It starts and ends at the point where decades of visitors arrived at and departed from the city: Union Station, an imposing 1914 classical structure that, despite its grandeur and the fact that it once hosted more than a half million travelers a year, was actually closed for a decade and a half in the 1980s and 90s; today it’s a museum as well as a functioning rail depot, and the anchor of a neighborhood that includes the Crown Center,an indoor shopping and entertainment complex, and the National World War I Memorial and Museum.

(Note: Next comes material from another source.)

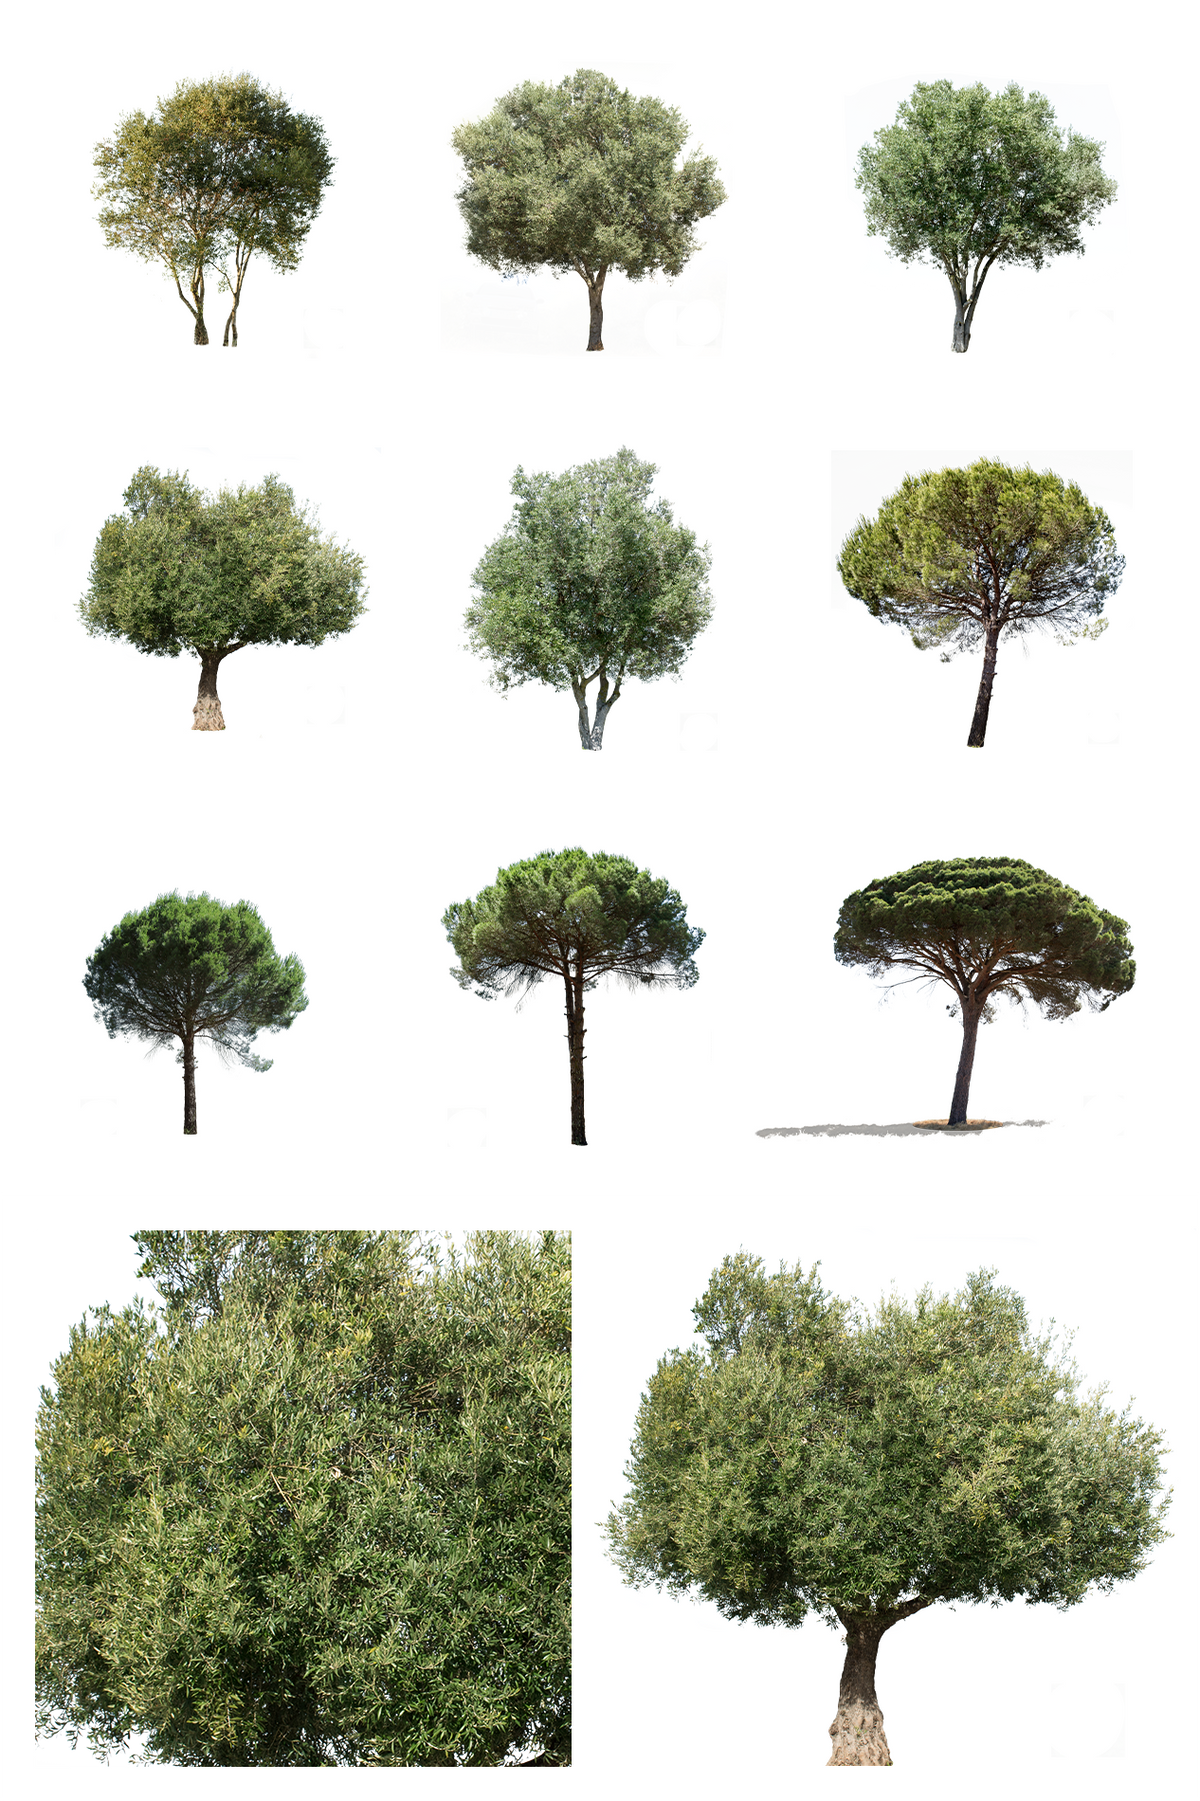 9 Mediterranean trees Pack 2 - cutout trees

Farmers sell fresh meats and produce at City Market at River Market. Credit: Anna Petrow for The New York Times

Heading north, it stops next at the Crossroads Arts District, a neighborhood of old warehouses and factories that have been reclaimed as live/work spaces and is now home to a lively arts scene. Then comes the Power & Light District — named for an Art Deco 1931 skyscraper that was for decades both the home of the local electric utility company and the tallest building west of the Mississippi — which is the city’s newest entertainment district; it features the Sprint Center (a sports and concert arena), Kansas City Live! (a block-square outdoor atrium surrounded by pubs and restaurants and containing a performance stage and massive Jumbotron), most of those new residential high rises and, naturally, the world headquarters of H & R Block.

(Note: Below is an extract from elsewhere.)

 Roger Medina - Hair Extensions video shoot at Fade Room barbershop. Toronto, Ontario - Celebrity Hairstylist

The next stop is Metro Center, home to government buildings, business offices, hotels, cafes and restaurants; then the Library stop, named for the city’s Central Library, which occupies a 1906 bank building that features 13-foot-high bronze doors, a roof garden with a life-size chess set, and a basement vault that has been converted to a movie theater; then the North Loop, which doesn’t have much of note yet except a neat older Western Union building and a neat newer office building known as “the flashcube” because, well, it looks like a flashcube; and finally the River Market, which includes old warehouses that have been converted to lofts, lots of restaurants and an expansive farmer’s market that has been going year-round since 1857.

There are edifices worthy of a good long look all along the route, but none more arresting than what you will spot looking out the window to your left as you shuttle from Crossroads to Power & Light: There, up on a hill, is the Moshe Safdie-designed Kauffman Center for the Performing Arts, which opened in 2011 and which, depending upon your aesthetic sensibilities, you will find either sublime or terrifying.

The National World War I Memorial and Museum. Credit: Anna Petrow for The New York Times

It contains two 1,500-plus-seat theaters, each of which, I am told, has fine acoustics; the building, which sits on more than 18 acres, is said to have been so well-designed that it can and often does host two different performances simultaneously without any aural crossover. In addition to hosting touring companies, the city’s symphony orchestra and opera and ballet companies all call it home. “We have a very strong arts scene here in Kansas City,” Jean Luzader, a volunteer at the Kauffman Center, told me. “People think we have cows running through the streets, you know, but we don’t.”

Streetcars — once almost ubiquitous, later almost extinct — are having a moment: In the past five years, lines have also started operating in Salt Lake City, Tucson, Dallas, Cincinnati and Detroit. (Two others, in Milwaukee and Oklahoma City, are scheduled to open by the end of this year.) Some have been more successful and transformative than others, but few seem to have had the impact of Kansas City’s. It’s the only one that’s free to ride, but what really makes it distinct is the palpable sense that is more than just a way of moving people around: It’s a movement — one that, judging by the crowds riding on weekends, transcends age and ethnicity.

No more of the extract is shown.